= Natalie de Bogory =

Russian translator

Natalie de Bogory (also known as Natalie Debogory or Natalie DeBogory-Mokriyevich) (1887-1939) is primarily known for her work in translating from the Russian language into the English language, and subsequently distributing and participating in having published the first or second American edition in the United States of the document known as the Protocols of the Elders of Zion. There were two different editions printed in the United States in 1920. The earlier, entitled The Protocols and World Revolution, associated with Boris Brasol and published by Small, Maynard and Company. The later, entitled Praemonitus Praemunitus associated with Harris A. Houghton and published by the Beckwith Company.

==Biography==
She was the granddaughter of two servicemen of the tsar of Russia. One of her grandfathers resigned being a colonel-lieutenant, another one was a major. Her father Vladimir Karpovich Debogory-Mokriyevich (May 24, 1848 - Nov. 2, 1926) had been imprisoned under the tsarist government for revolutionary activities. He was a well-known Russian Revolutionary-Narodnik (Populist), who escaped from prison in Siberia and later married her mother Julie Gortynsky (1860 -1933?) in Switzerland.

Julie was from a noble family and educated at the Kiev Institute for noble girls. (The Gortynsky family produced many well educated women: Julie's cousin, Maria Gortynsky-Pavlova (1854 - 1938), was the first Russian female professor of Paleontology at the Academy of Sciences of the USSR; another cousin, Olga Gortynsky (1855 - 1903), was among the first Russian women licensed to practice as a Doctor of Medicine.) Upon graduation Julie studied in Paris and Geneva.

Natalie was born in Geneva on April 15, 1887 and was in Russia a few times until 1895 when her mother Julie was exiled Russia with no permission to return due to her unreliability and close ties with emigre Vladimir Debogory-Mokrievich. After Nicholas II's amnesty of 1905 Julie returned to Russia and Natalie never saw her mother again. Natalie married Albert Sonnichsen, a writer, had one child Eric in 1909, then divorced him in 1919. Eventually she moved to Paris after losing custody of her son in a very public legal fight, and she worked as Sol Hurok's publicity person in Europe. She eventually became a Paris based writer for the International Herald Tribune. She died in 1939 in Paris, and her ashes are interred in vault no. 4780 in the columbarium at Père Lachaise Cemetery in Paris.
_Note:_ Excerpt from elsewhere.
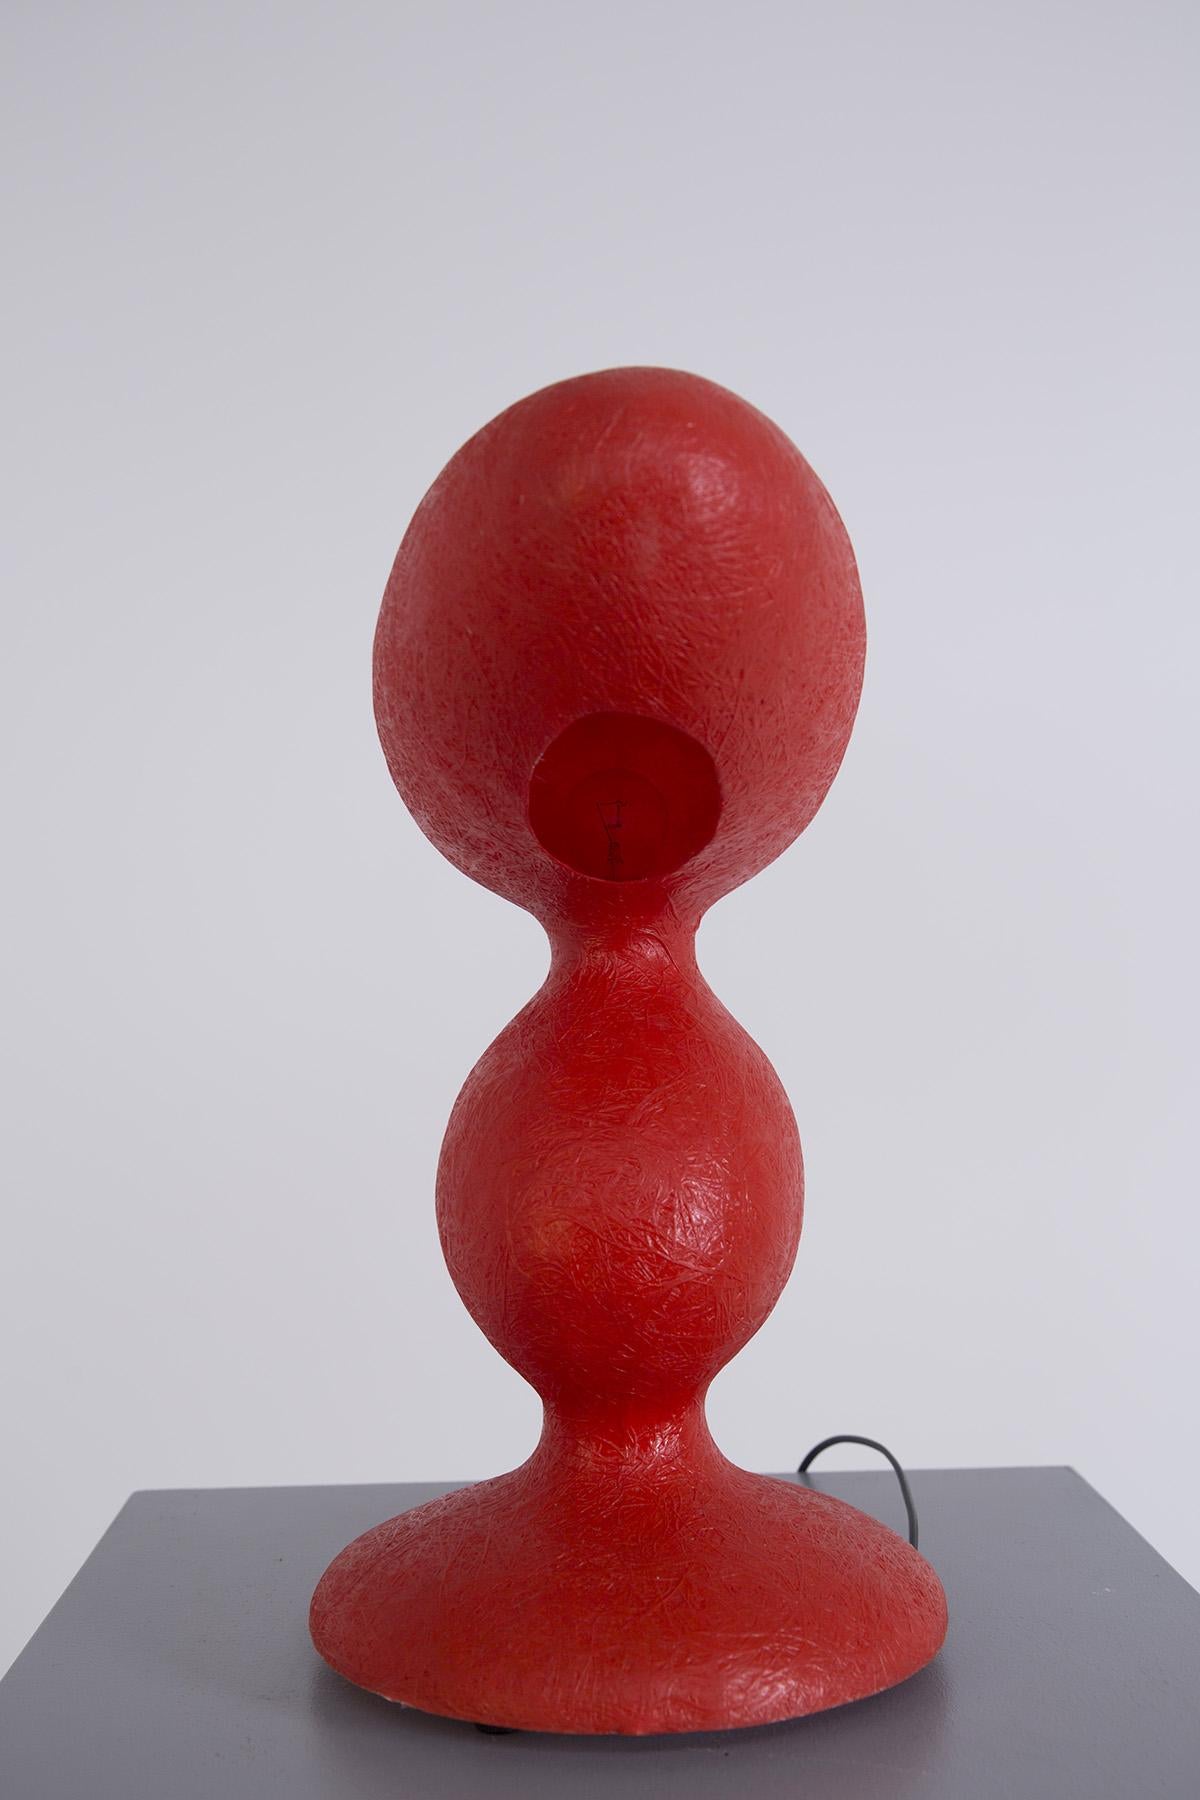 Stunning red sculptural table lamp, model Kundalini ETA designed by Guglielmo Berchicci for Kundalini Italian manufactory.
The beautiful lamp for its refined artistic aesthetic with the style of a free-flowing sculpture, has always been Berchicci's

She worked as the assistant of the physician and military intelligence officer in the service of the U.S. War Department, Harris Ayers Houghton, who paid for her services out of his own private funds. Houghton engaged her as his personal and investigative assistant for nine months, and subsequently claimed that no public funds were used for her services. She had obtained a Russian version of the Protocols of Zion from the notorious White Russian and extremely antisemitic tsarist officer Boris Brasol, and thereafter she requested, under her own initiative and received authorization to translate it into the English language. She did not work alone, but with close consultation with Brasol, and another former tsarist officer, General G. J. Sosnowsky.